While some viewers are ‘logged in’ or identifiable when streaming their favourite shows, many are not, and others share accounts. Thus, one-to-one targeting is inherently challenging.

Which is why today, we have a range of third-party research firms and technology start-ups scrambling to find new ways of tracking these cross-platform viewing behaviours.

Unsurprisingly, no one firm has got it completely figured out, but there are a number that are close and shedding all important light on the opportunities that exist.

The audiences are there – and so are the tools

While measurement is often cited as a reason to delay moving forward with CTV, here’s one thing that all companies and researchers agree on – audiences are shifting.

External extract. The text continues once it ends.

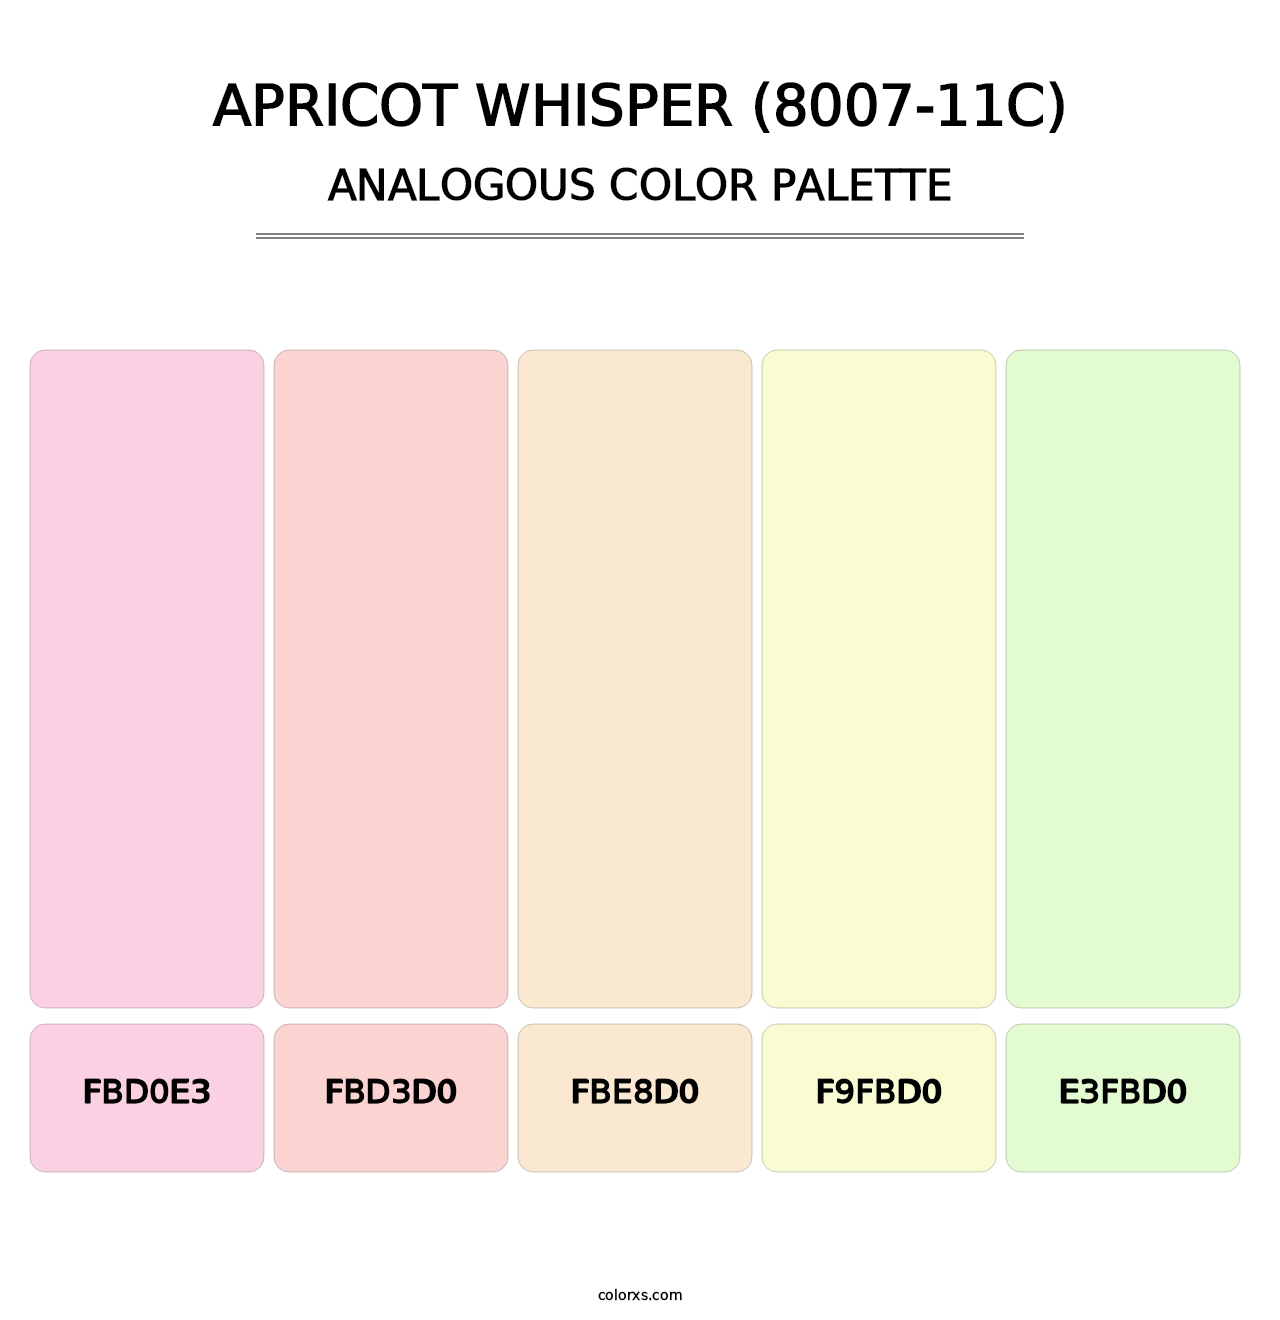 Apricot Whisper (8007-11C) - Analogous Color Palette

The numbers are undeniable. Ofcom data shows that only 32% of time spent with video content by 16–34-year-olds in 2021 came from broadcast TV. What’s more is this is down from 50% in 2017, so the momentum of travel has been quite dramatic.

The good news is there is scale in CTV that can help offset this decline in traditional content viewing, as long as marketers appreciate that viewers don’t actually care about the platforms by which they view.

Addressable TV only realises its potential when we as an industry buy agnostically. Buyers must monitor the viewing behaviour everywhere, with all the tools at their disposal, and be willing to place ads on the TV screen in front of quality content at the viewers convenience.

Fragmented viewership should dictate buying strategies, not complex buying mechanisms, or a preferred choice of DSP.

In almost all instances, being beholden to limited point solutions can become a limiting factor, severely constraining both audience and quality.

This means finding ways to pull together broadcasters, new CTV suppliers and other tech platforms, like YouTube, as long as the due diligence is done around the standard of the content.

The marketers that move forward with a cross-platform strategy, utilising all the advanced tools at their disposal, will be far ahead of the curve as more targeting options emerge, and even more sophisticated creativity arrives.

Developing these muscles and this expertise today will have a huge payoff.


James Cornish is vice president, international sales at Vevo.